In “Secateurs,” Becka—teary-eyed over the loss of her mother and having just been injected with a heavy sedative—gets a precious moment alone with Agnes ahead of the ceremony. In this scene, she murmurs that she knows everything is going to be OK because Agnes is there with her. Then she leans in and kisses Agnes on the lips; they embrace after, but we see Becka’s dreamy smile settle into a look of dread.

In a new interview with Variety, the actors talked about the scene as well as what lies ahead for Becka.
Agnes, Infiniti said, had a completely innocent reaction to the kiss; she’s so sheltered, she simply has no other way to interpret it.
“She knows that a ‘gender traitor’ in Gilead is bad,” she said, referring to Gilead’s derogatory term for queer people. “But she doesn’t really know what that means. I think her interactions with Becka and the emotions that Becka is feeling for Agnes, I think Agnes just views it as Becka loves her, just like Agnes loves her. And whether or not it’s in the same way, she just knows that that’s her person in life.”
For Becka, Conforti said, marrying Garth is the safest of all her bad options. She doesn’t yet know that her new husband is secretly a Mayday operative, helping the anti-Gilead rebellion—season two will no doubt dig into that—but she senses that he’s against the grain in some ways.
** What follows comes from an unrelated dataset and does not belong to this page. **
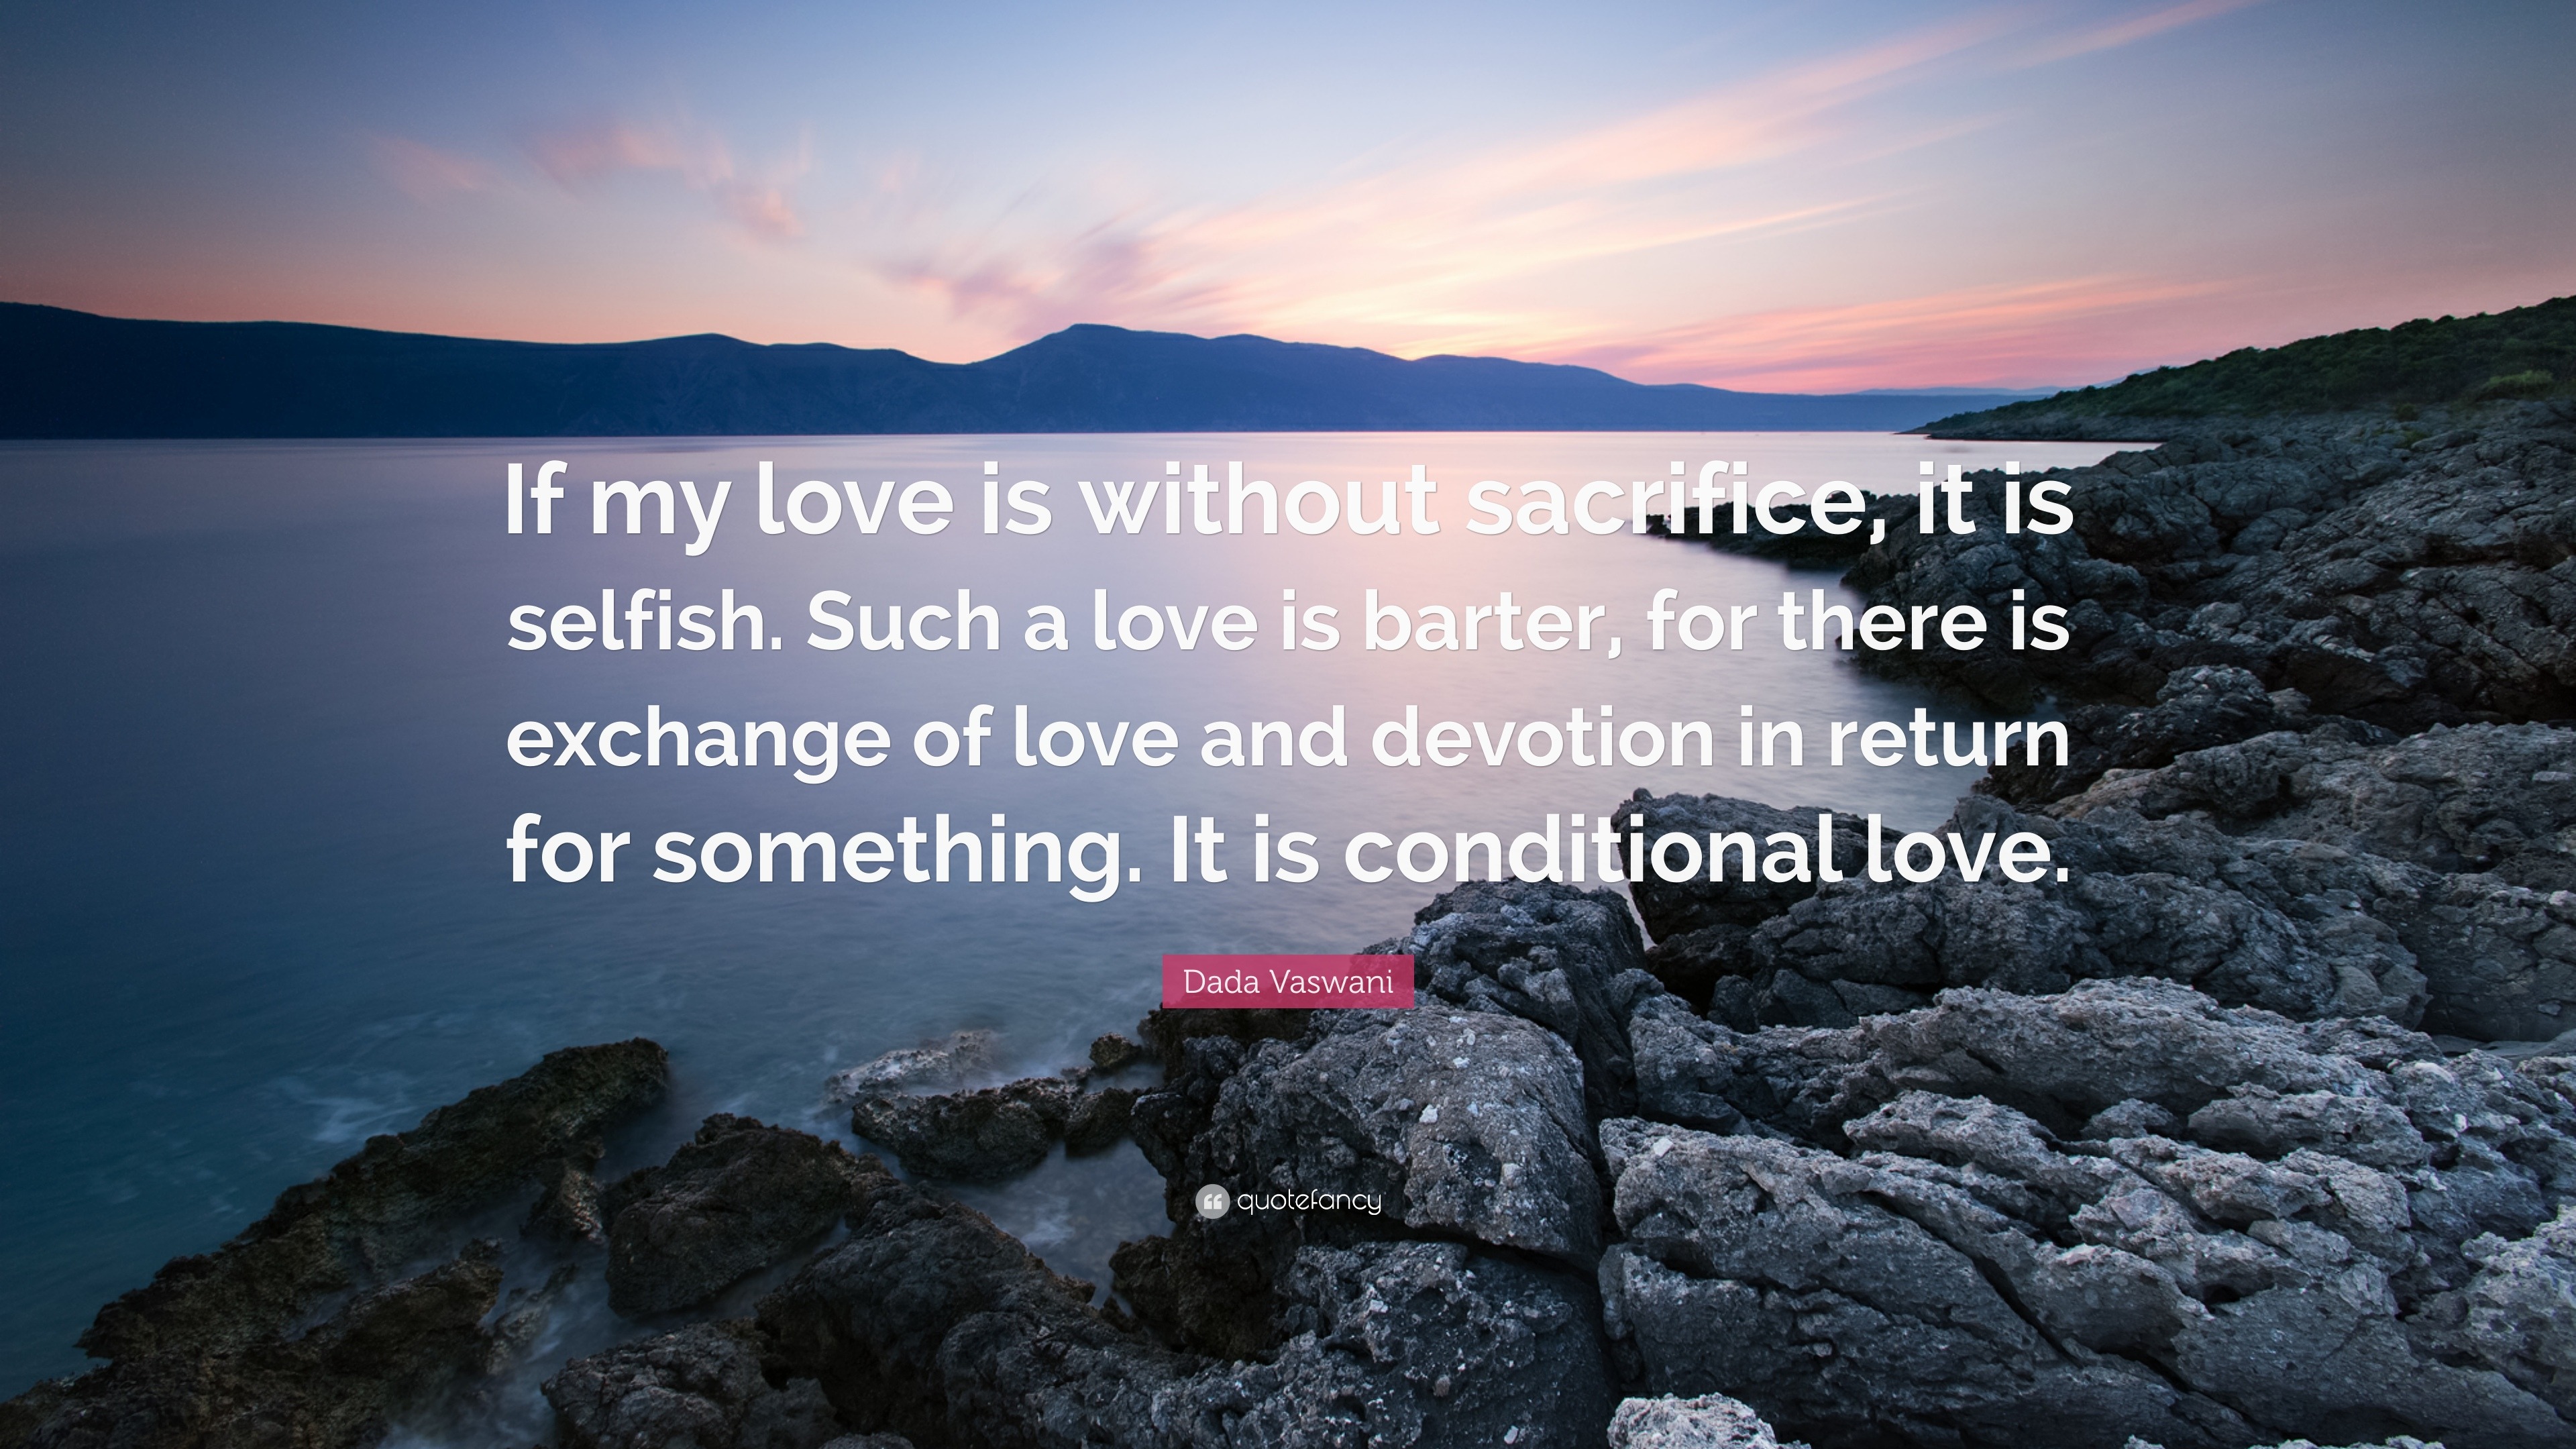 Dada Vaswani Quote: “If my love is without sacrifice, it is selfish ...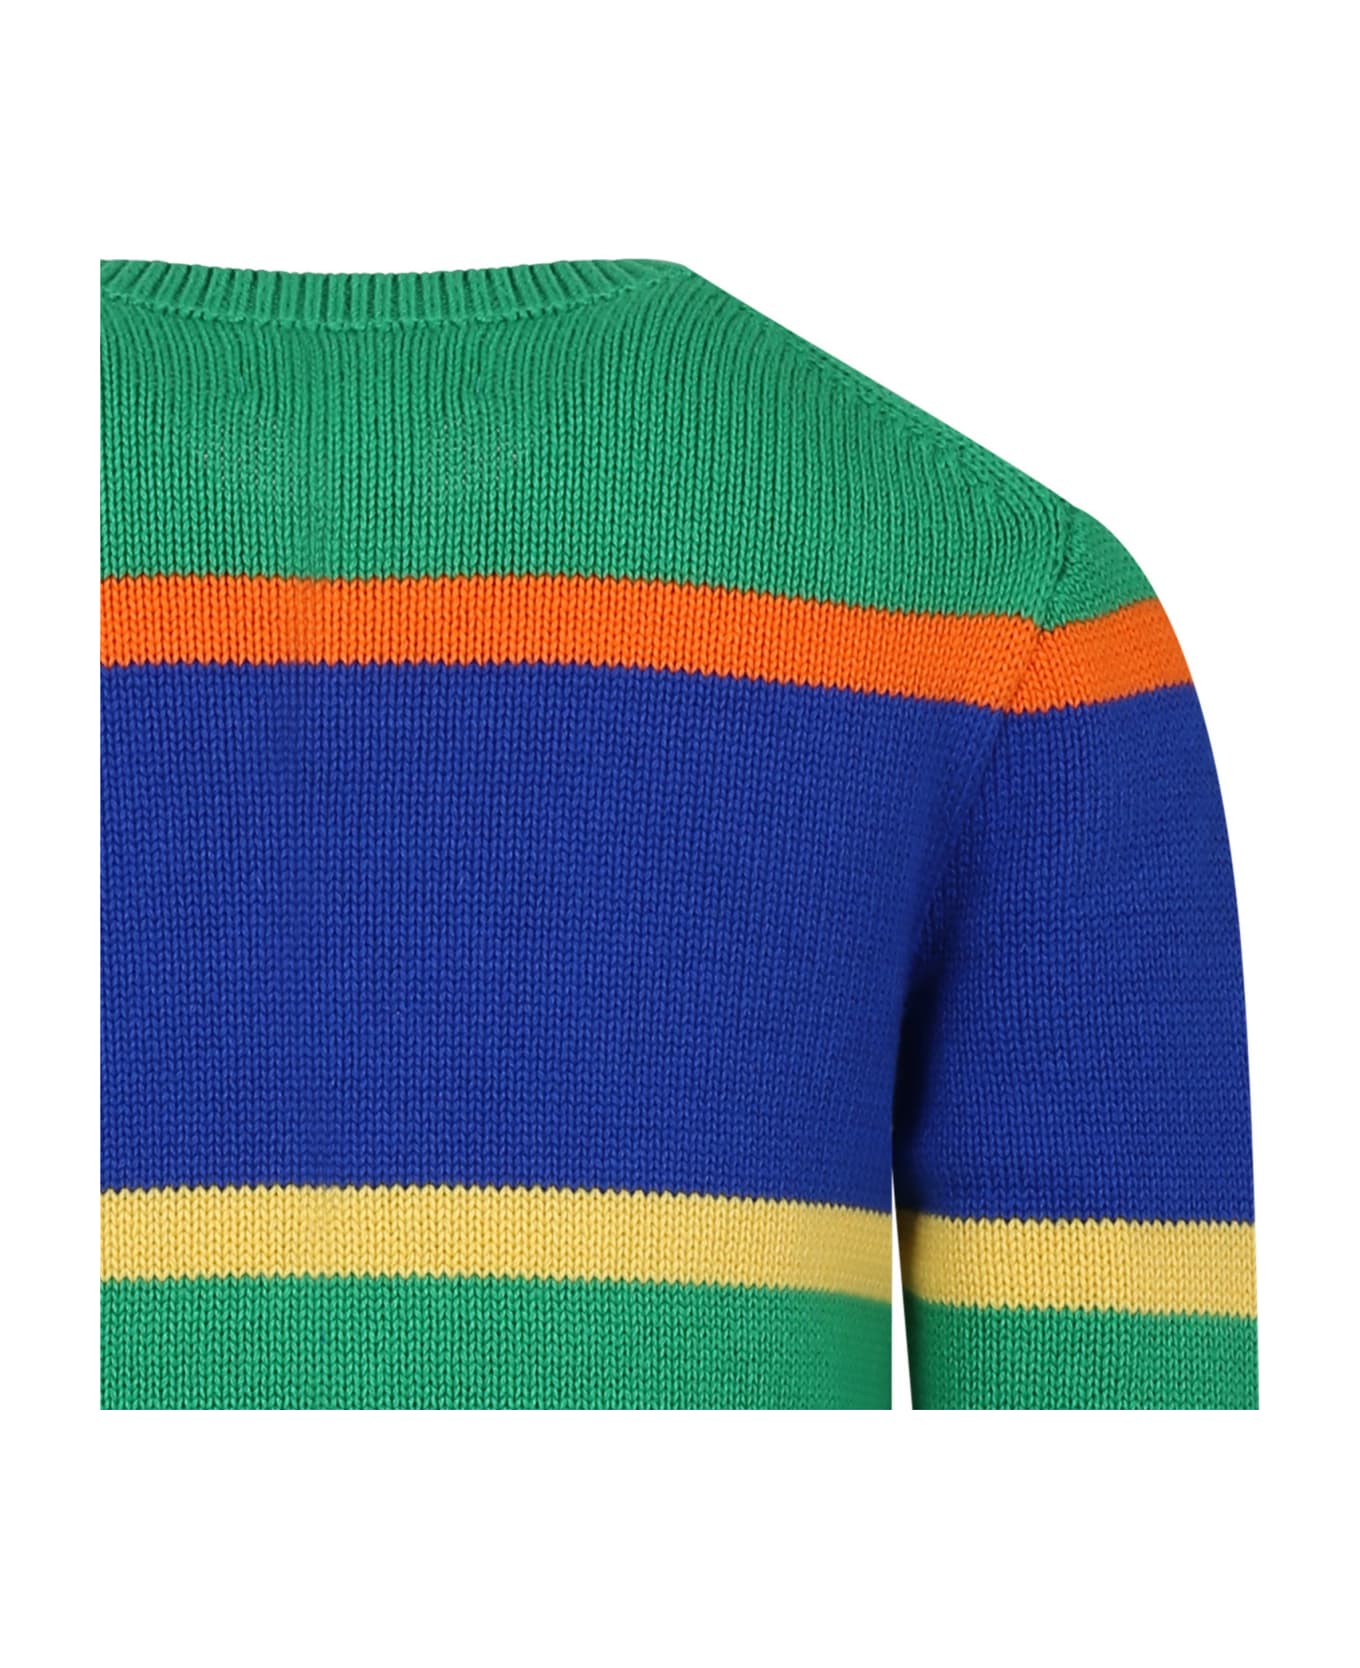 Ralph Lauren Blue Sweater For Boy With Logo And Iconic Pony - Multicolor ニットウェア＆スウェットシャツ

“He’s willing to relocate so that she can be close to her friends, and he’s willing to support her in that way and really give her the future that she actually wants, which is not being a wife and not becoming a mother,” Conforti said. “She can kind of understand, oh, there’s this partnership here; we can have a mutual sense of trust and understanding. She also knows that Agnes is in love with him, so I think in some capacity being involved in their relationship is allowing her to remain close to Agnes, too. But she’s willing to marry Garth because there’s no expectations of anything romantic.”
The Testaments season one is streaming on Hulu and Disney+.